INFORMATION SUPPLIED ▸
- - -

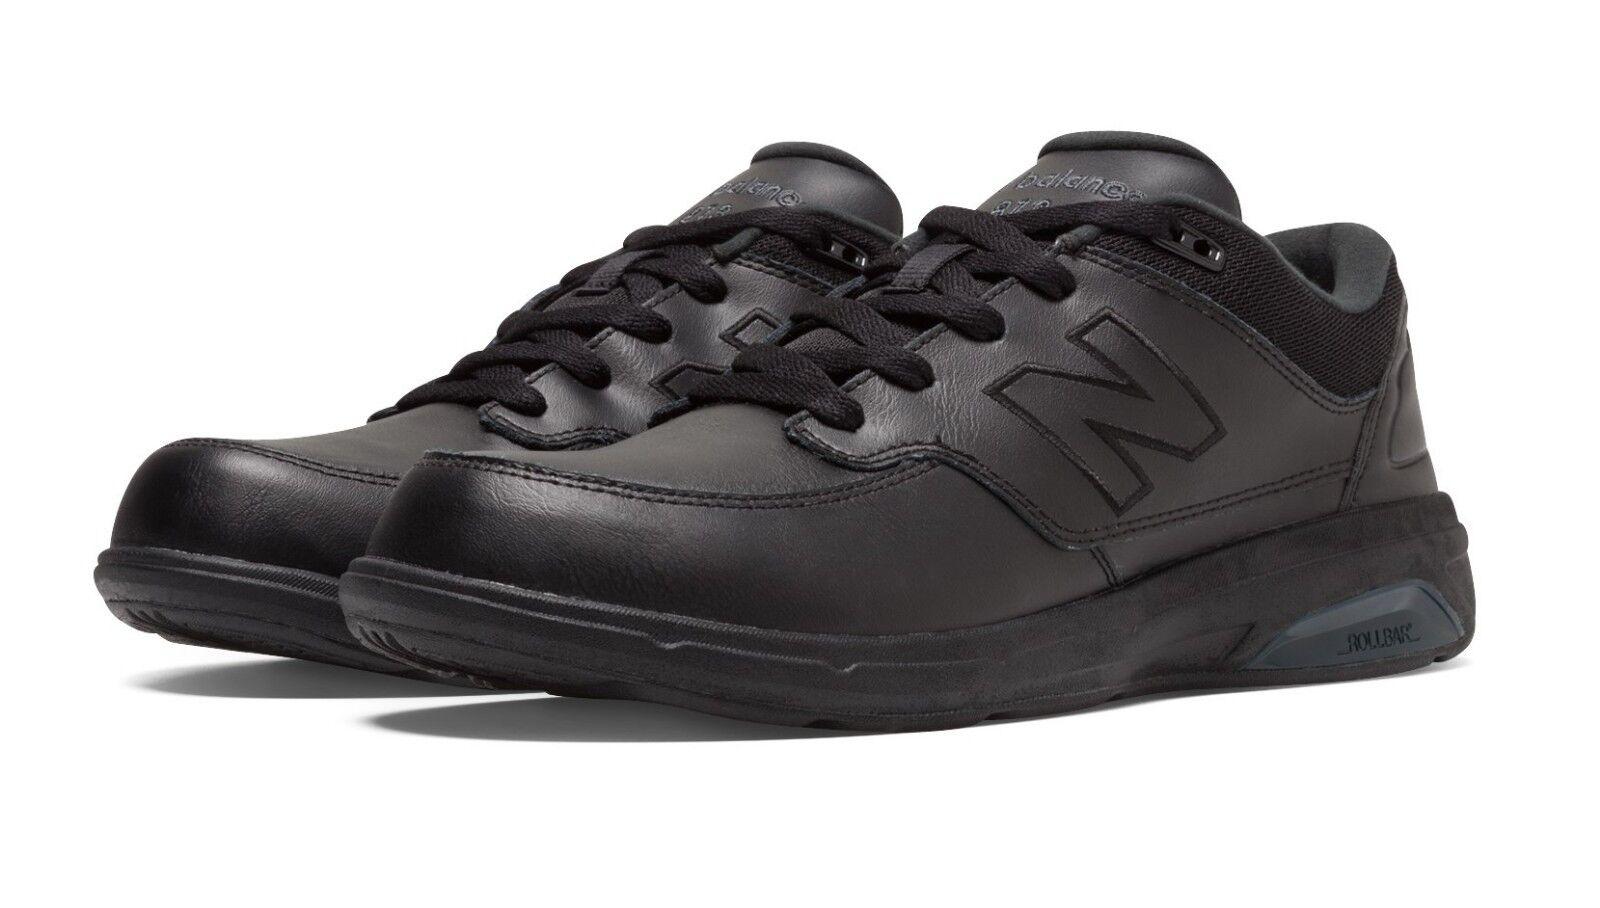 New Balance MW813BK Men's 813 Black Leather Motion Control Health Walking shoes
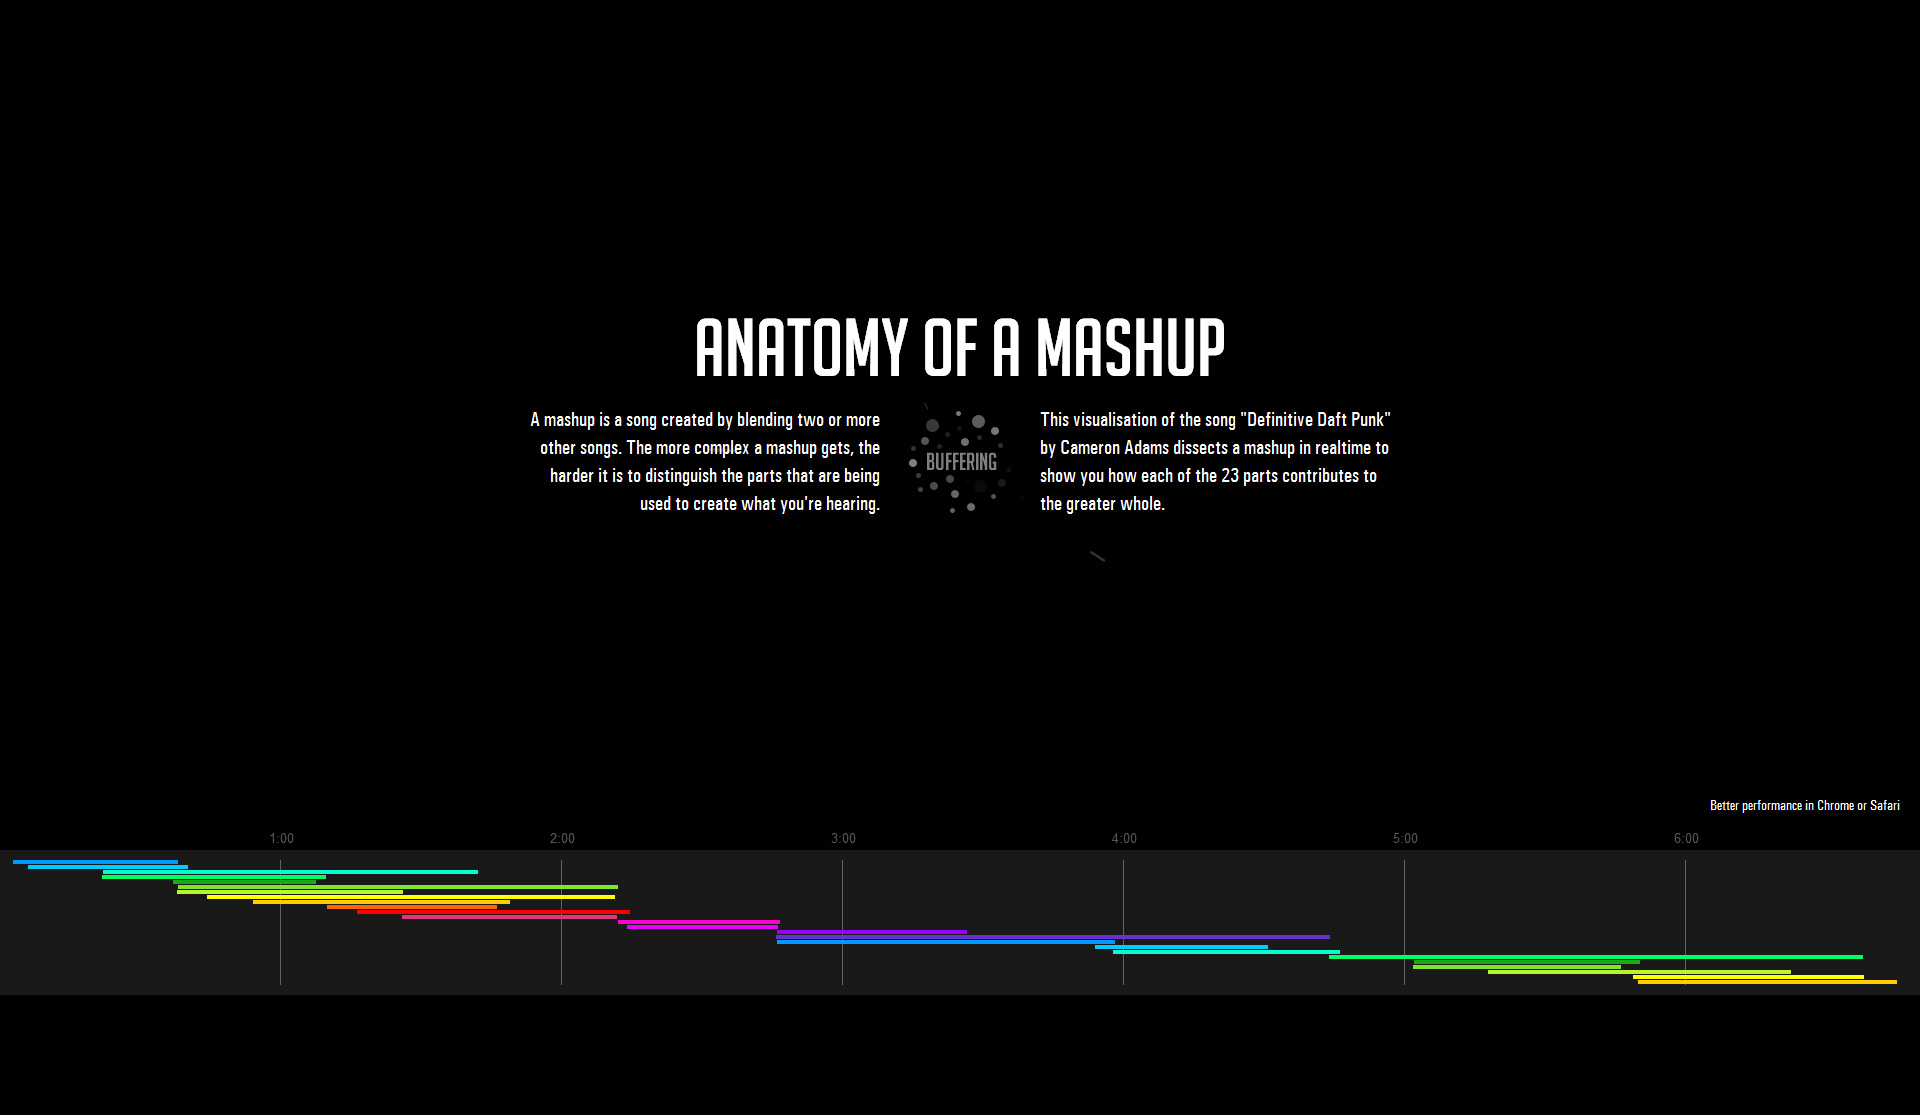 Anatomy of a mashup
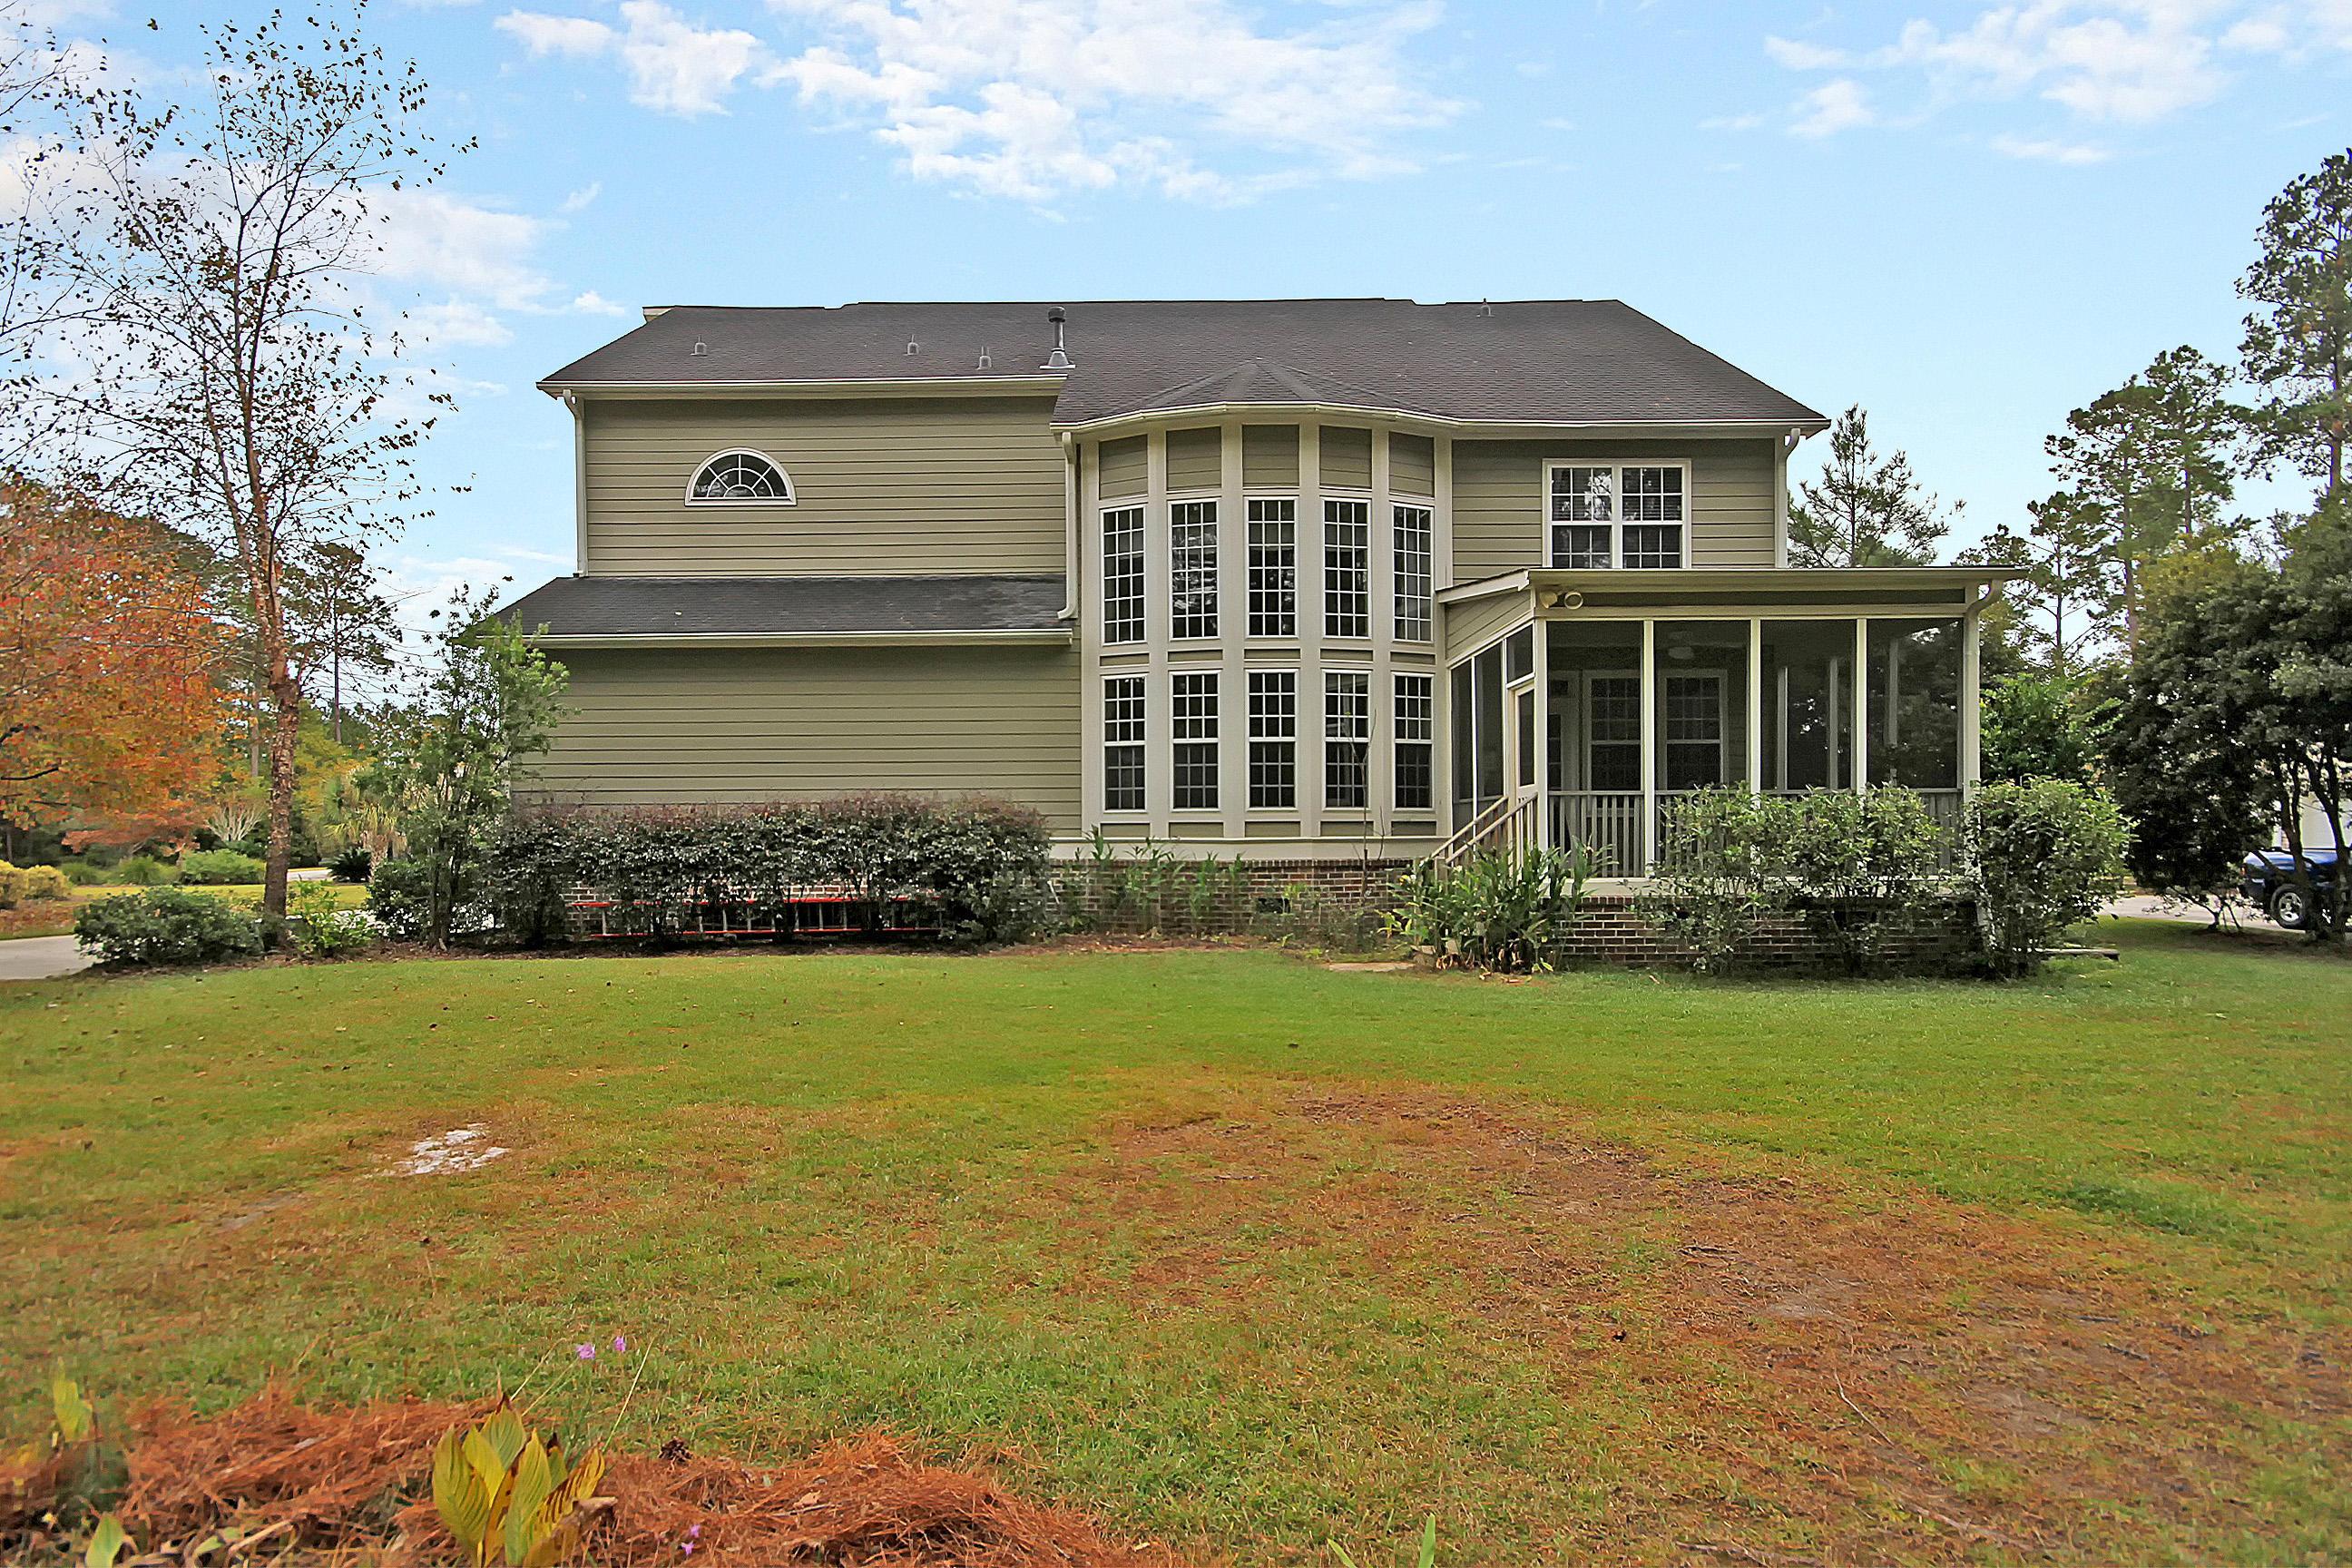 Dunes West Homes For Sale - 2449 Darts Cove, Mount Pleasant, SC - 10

- - -

For this task, give the full listing again verbatim and keep out every picture.

RESPONSE AREA ▸
 New Balance MW813BK Men's 813 Black Leather Motion Control Health Walking shoes
 Anatomy of a mashup
 Dunes West Homes For Sale - 2449 Darts Cove, Mount Pleasant, SC - 10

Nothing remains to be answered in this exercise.